Especializado no mercado de investimentos alternativos, com um olhar especial para o grande potencial de muitas pequenas e médias empresas por todo país, o grupo foi fundado pelos sócios Rodrigo Fiszman e Patricia Stille (ex-sócios da XP), Pedro Janot (ex-CEO e cofundador da Azul Linhas Aéreas) e Alexandre Amitay (ex-consultor da Bain&Co), e reúne diferentes negócios nesse segmento. São eles:

  • Solum Capital: gestora focada em investimentos alternativos, que oferece fundos e club deals que alocam recursos em companhias de capital fechado, via participação acionária ou dívida;
  • beegin: portal de investimentos alternativos, que oferece conteúdo relevante sobre o tema e traz artigos de especialistas do mercado;
  • beegin.invest: plataforma de crowdfunding criada para dar a acesso a oportunidades de investimento em empresas que estão fora da bolsa de valores, pequenos e médios negócios com muito potencial de crescimento;
  • beegin.tech: sistema para apoiar empresas na gestão da relação com acionistas e potenciais investidores, ideal para empresários que querem fomentar a transparência, governança e reportar resultados nos moldes do que é praticado no mercado de capitais.
  • Solum.ed: empresa de educação financeira, que oferece cursos sobre como entender, acessar, analisar e alocar capital em oportunidades no mercado de ativos alternativos, em especial no segmento de venture capital e private equity.

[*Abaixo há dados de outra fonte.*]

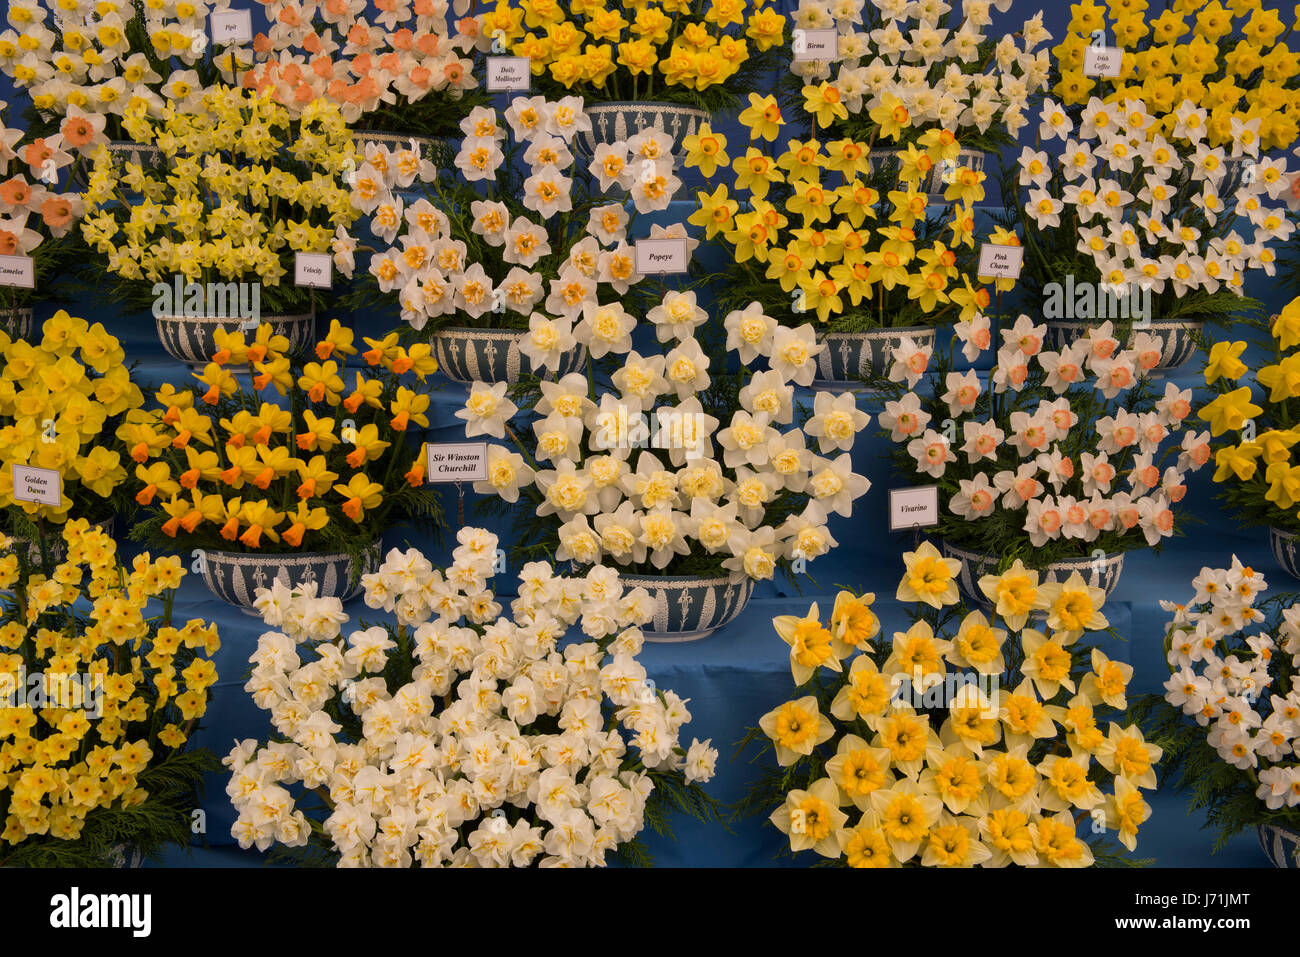 Londres, Royaume-Uni. 22 mai, 2017. Un écran de jonquilles par marcheurs bulbes dans le chapiteau au RHS Chelsea Flower Show 2017, London, UK Crédit : Ellen Rooney/Alamy Live News Banque D'Images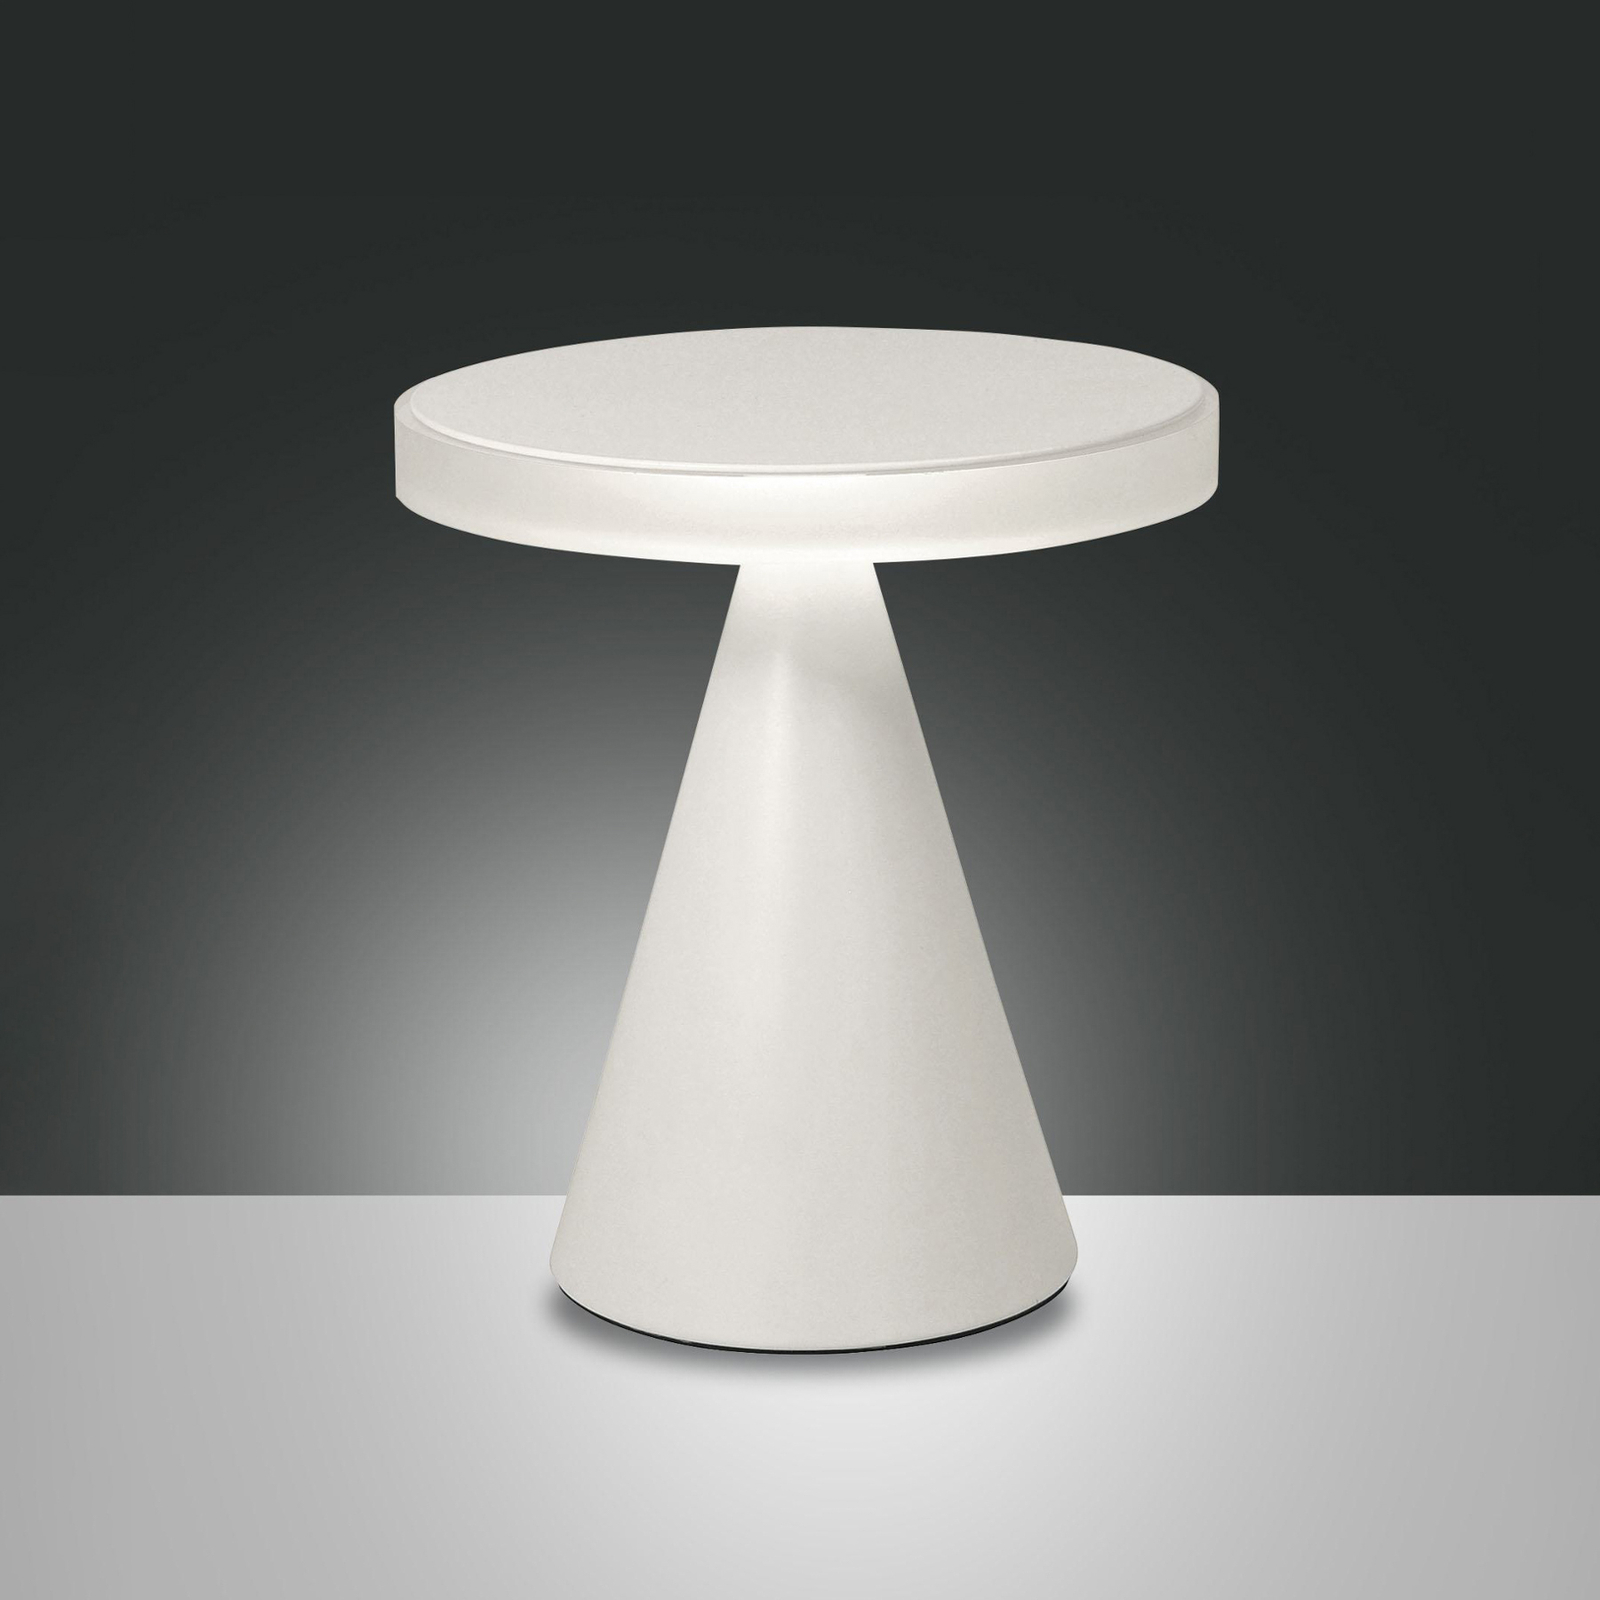 LED-Tischleuchte Neutra, Höhe 27 cm, weiß, Touchdimmer

Idealizador da BEE4, construindo a base do projeto e convidando os participantes para a JV, o Grupo Solum lidera o diálogo com regulador e parcerias, e irá conduzir as operações do balcão de negociação. Um de seus principais desafios no Projeto será desenvolver todo um ecossistema para conquistar participantes de peso a negociar no ambiente de negociação e viabilizar a iniciativa.

Sobre a CIP

Integrante do Sistema de Pagamentos Brasileiro (SPB), promove soluções que viabilizam a evolução do mercado financeiro, oferecendo tecnologia, inovação e segurança para transações financeiras realizadas no Brasil. Participa do Payments Innovation Alliance, coordenado pela NACHA, da Asociación Latina de Camaras de Compensación, dentre outras associações que buscam o aprimoramento da e inovação para o mercado financeiro. Contribui assim, para um mercado financeiro sólido e estável em benefício de toda a sociedade

Em 2020, a CIP processou +28 Bi de operações financeiras, cerca de 1,3 Bi de operações eletrônicas, e +2,2 Bi de transações de pagamentos com cartão em estabelecimentos comerciais. No Projeto, a CIP participa no desafio da construção da solução, provendo infraestrutura técnica e segurança para as operações, além dos atendimentos nível 1 e 2, e embarca a C3 Registradora como sistema de liquidação.

Sobre a Finchain

Fundada por Marcelo Miranda, ex head de equity trading do Deutsche Bank Brasil, a Finchain é uma one-stop-shop de serviços de blockchain e criptomoedas no Brasil. Com expertise para desenvolver em Ethereum, Hyperledger Fabric, Corda e outros, oferece soluções de tecnologia em projetos que envolvem desde tokenização de ativos até listagem em Exchange e gateway de cripto, sempre com segurança e performance.

Entre seus principais cases está a primeira listagem do MCO2 da Moss.Earth, a primeira empresa no mundo a negociar tokens de crédito de carbono, o primeiro token lastreado em Real Estate no Brasil para a Dynasty Global, e a solução de tecnologia para o primeiro registro de cessão de compra e venda de precatórios em blockchain, levando o projeto ao LIFT Lab do Banco Central.

Após consultoria para empresas como CETIP, Polo Asset, Banco Plural, no Projeto, a Finchain assume a responsabilidade pelo desenvolvimento das plataformas de emissão de STOs e negociação em DLT.